The major contributions of this paper are the following. First, it presents a thorough set of C coding guidelines for efficient hardware design. These guidelines are applied in an iterative manner, using a custom script based environment, along with the architectural optimizations (loop pipelining and unrolling, memory organization, interface synthesis) offered by Calypto's Catapult ESL tool. Through extensive experimentation with floating point operator implementations (add/subtract, multiply, divide), it is shown that performance and area improvements offered by efficient coding can outperform the ones offered by architectural style selections only, even more than 90%. Second, it presents an efficient and reusable C level hardware implementation of single precision floating point operators, based on the SoftFloat open source project [4]. Finally, it supports the claim that while not every C program can be turned into hardware with the press of a button, efficient coded C programs can offer a profitable productivity boost.

# II. PROPOSED METHODOLOGY

The design methodology proposed in this paper is a two step approach, based on the Catapult C-based synthesis environment. The first step applies algorithmic optimizations to the initially supplied C/C++ source design file. These optimizations are a set of coding guidelines, inserted or changed in the initial source with appropriate script files. Conditional compilation switches are used, so the whole process is rather interactive and not automated, leaving to the user the choice of either following or not following the proposed guidelines. All algorithmic optimizations are evaluated by performing a synthesis step in Catapult. The second step applies architectural optimizations, traditionally found in C-based design tools like loop unrolling, loop pipelining, memory organization and interface synthesis. Again, all optimizations are evaluated through synthesis. The overall methodology supports comparisons between the two types of optimizations (algorithmic and architectural), which is one of the key contributions of the paper. Details about these optimizations are given in the following subsections.

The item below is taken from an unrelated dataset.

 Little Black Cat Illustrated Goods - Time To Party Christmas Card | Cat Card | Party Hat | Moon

#### A. Algorithmic Optimizations

A set of algorithmic optimizations have been implemented in the proposed methodology, as conditionally inserted or changed code fragments (or even just informative comment notifications to the user). These fragments originate from the following rules:

1. Special bit accurate types provided by Catapult, are used, offering simulation performance and synthesis quality.

2. Input and output signals are inferred by the top level function parameters and they way they are used.

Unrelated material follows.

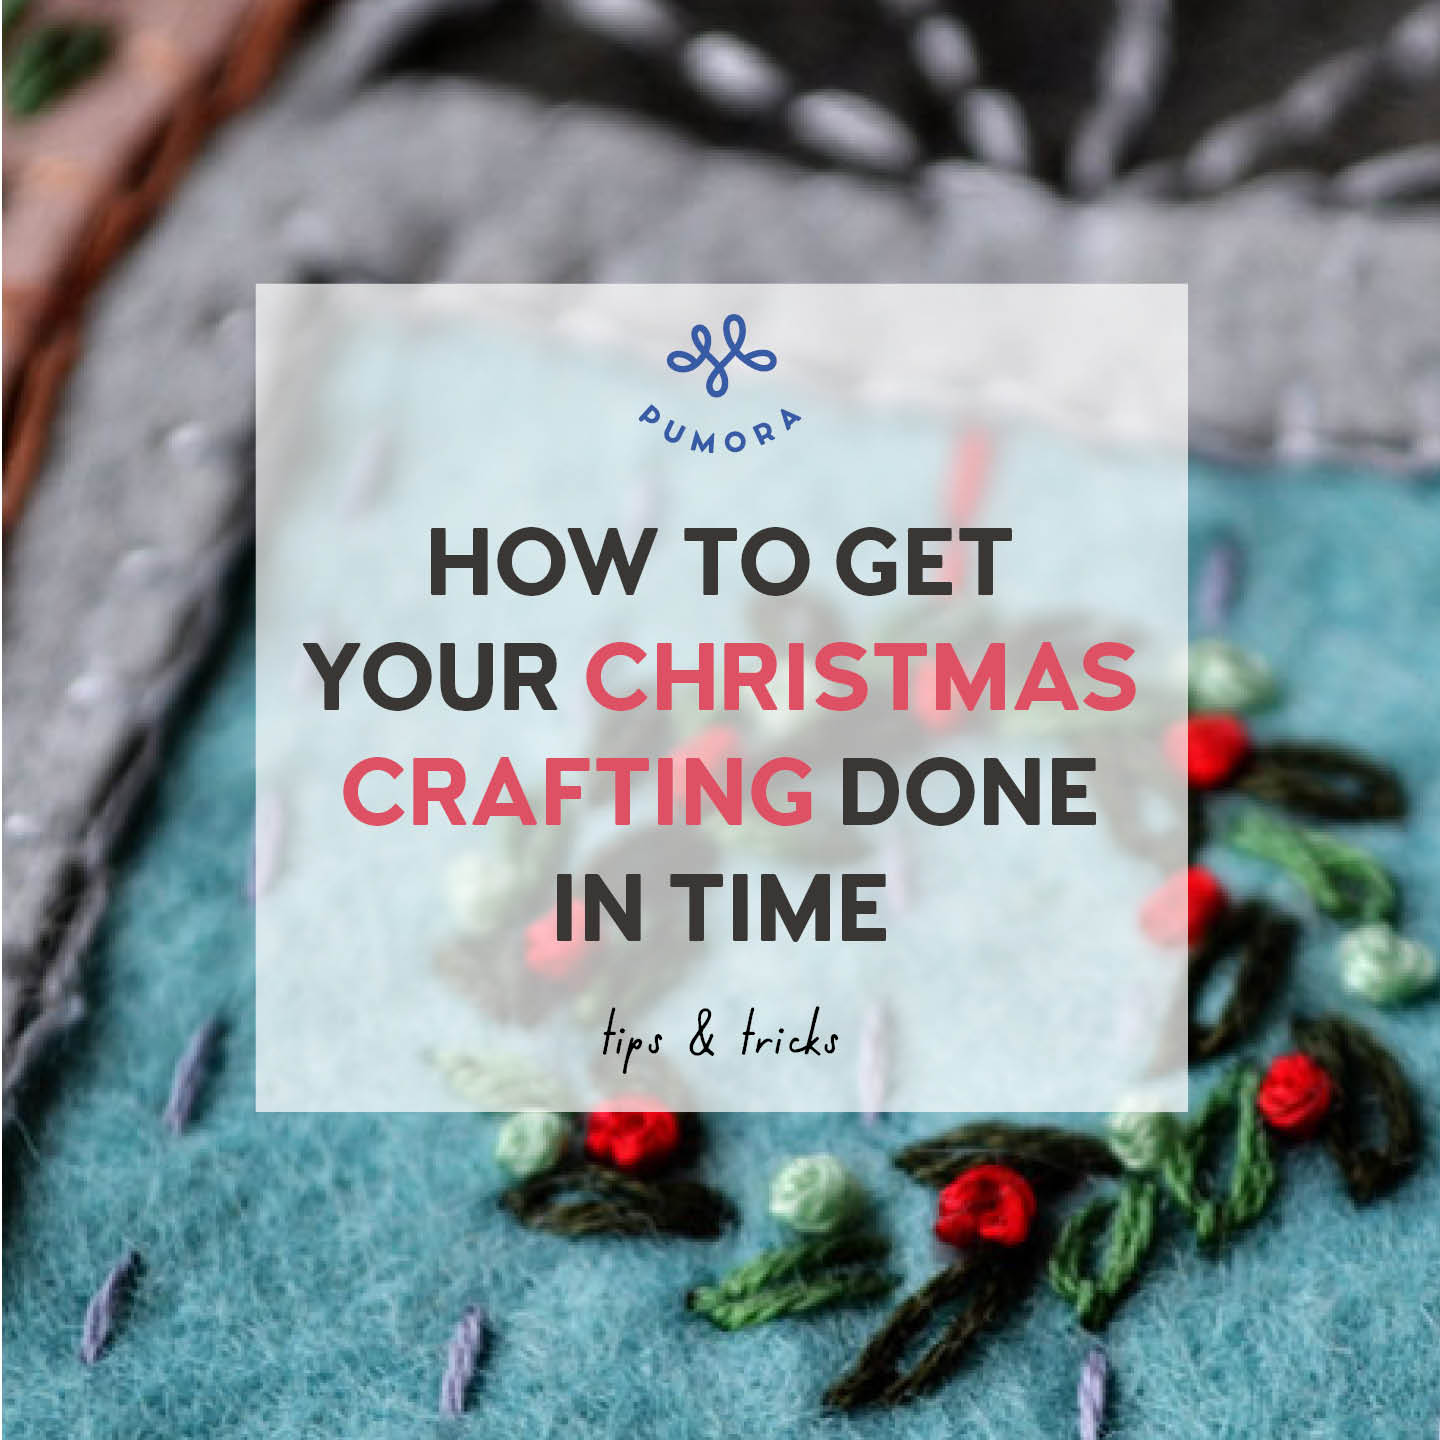 How to get your Christmas crafting done in time

3. Pass-by-value function parameters require internal registers while pass-by-reference no.

4. Function output parameters are registered by default.

5. Loop boundaries should be fixed, for decidable execution time.

6. Conditionals should explicitly be denoted mutually exclusive, with complete **if**...**else** clauses, for decidable execution time. For example, the following two functions, when only two adders are available, give different implementations (schedules) when mutually exclusive paths are not explicitly defined (max\_x and figure 1, two adders per control step), and when they are (max\_n and figure 2, four adders in control step C1, while eventually only two will be used).

Listing 1. Non-explicitly/explicitly defined mutually exclusive code.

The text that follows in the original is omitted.